Variant of Lola, a Spanish diminutive of Dolores meaning 'sorrows,' also associated with the Virgin Mary.
Lolah is a warmly unconventional spelling of Lola, itself a Spanish diminutive of Dolores — a name whose full form, María de los Dolores ("Mary of the Sorrows"), honors one of the most poignant of the Virgin Mary's devotional titles. The tradition of shortening Dolores to Lola was so prevalent in 19th-century Spain that "la Lola" became practically a type: the vivacious, dark-eyed flamenco dancer, the spirit of Andalusian femininity unconstrained.

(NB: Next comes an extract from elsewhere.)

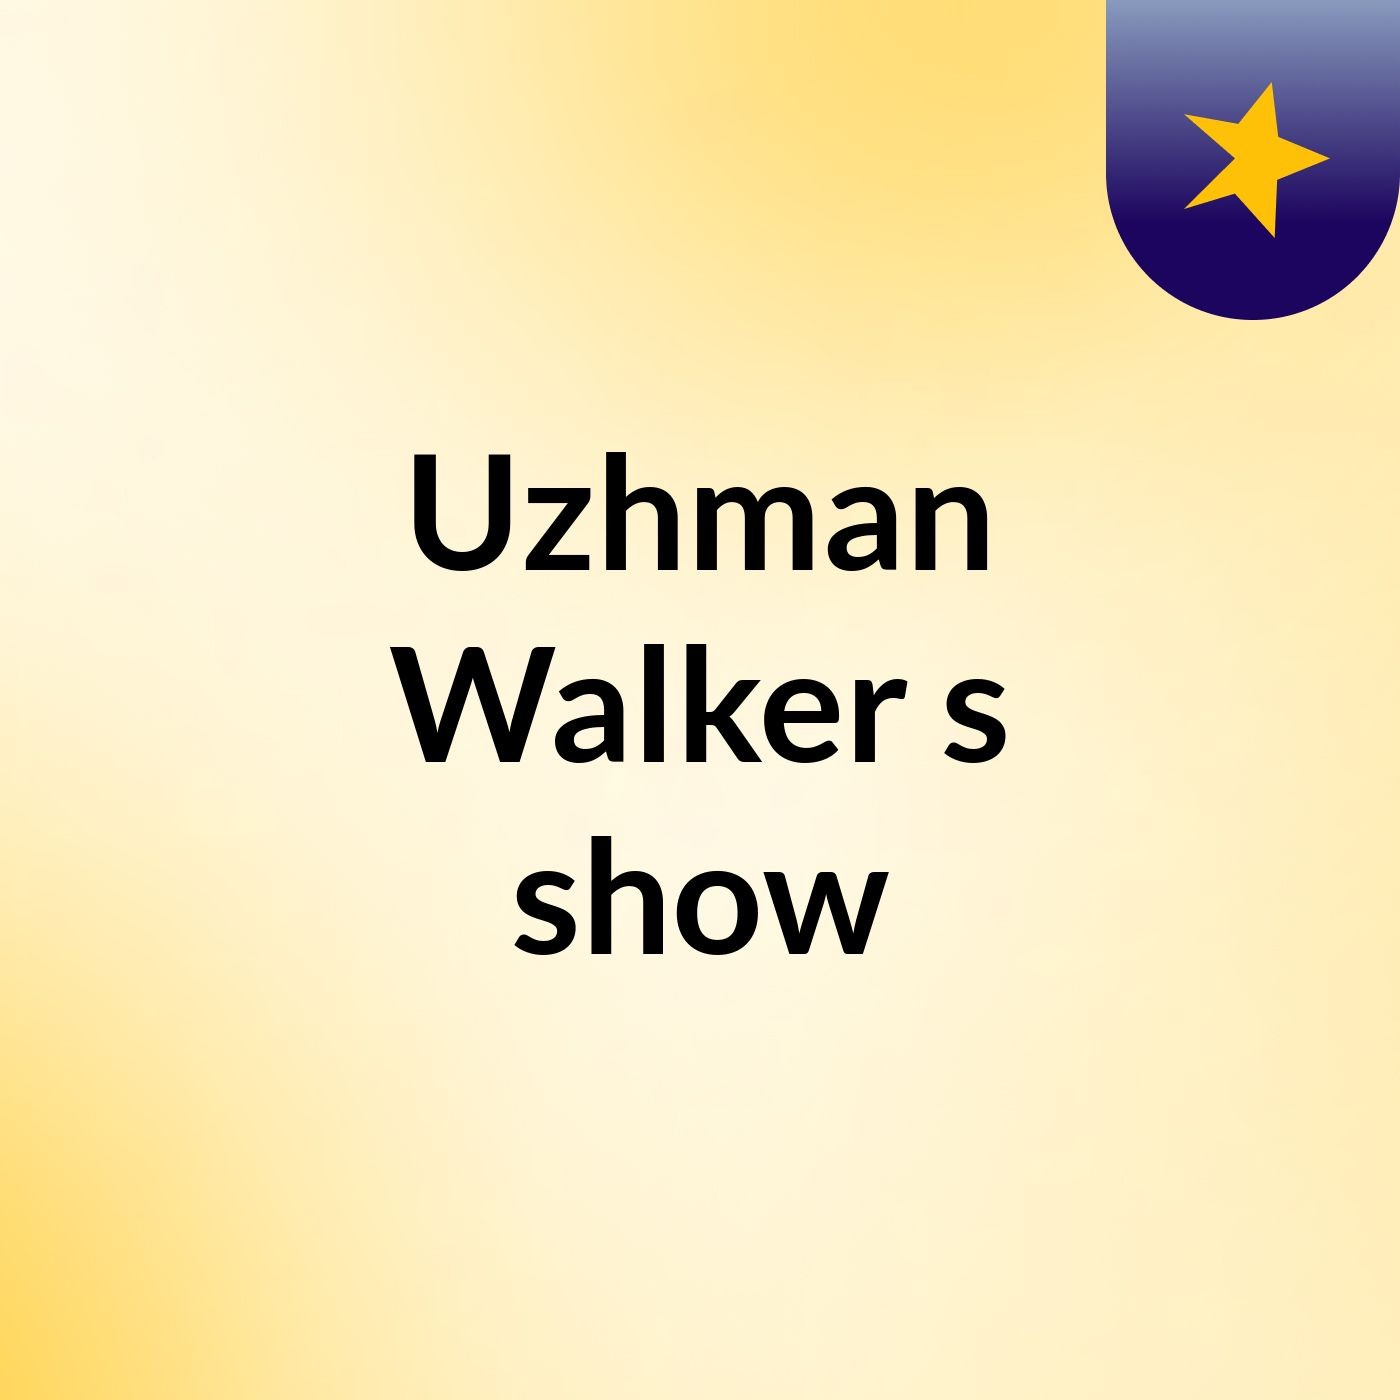 Uzhman Walker's show

That archetype was both celebrated and sensationalized in European art, most famously in Henri Toulouse-Lautrec's cabaret posters and in the figure of Lola Montez, the Irish-born dancer whose affairs scandalized half the crowned heads of Europe in the 1840s. Vladimir Nabokov's 1955 novel "Lolita" gave the name a complicated literary shadow for decades, but popular culture has largely reclaimed it through figures like Lola Bunny, the character from "Space Jam," and the Kinks' 1970 hit "Lola." The variant spelling Lolah adds a soft, almost dreamy trailing breath to the name, echoing the aesthetic of names like Delilah and Elorah. In the 2010s and 2020s, Lola surged back into fashion charts in the UK, Australia, and the United States, shedding its "retro-exotic" associations and settling into something simply joyful — a name that sounds like a laugh and lands like a hug.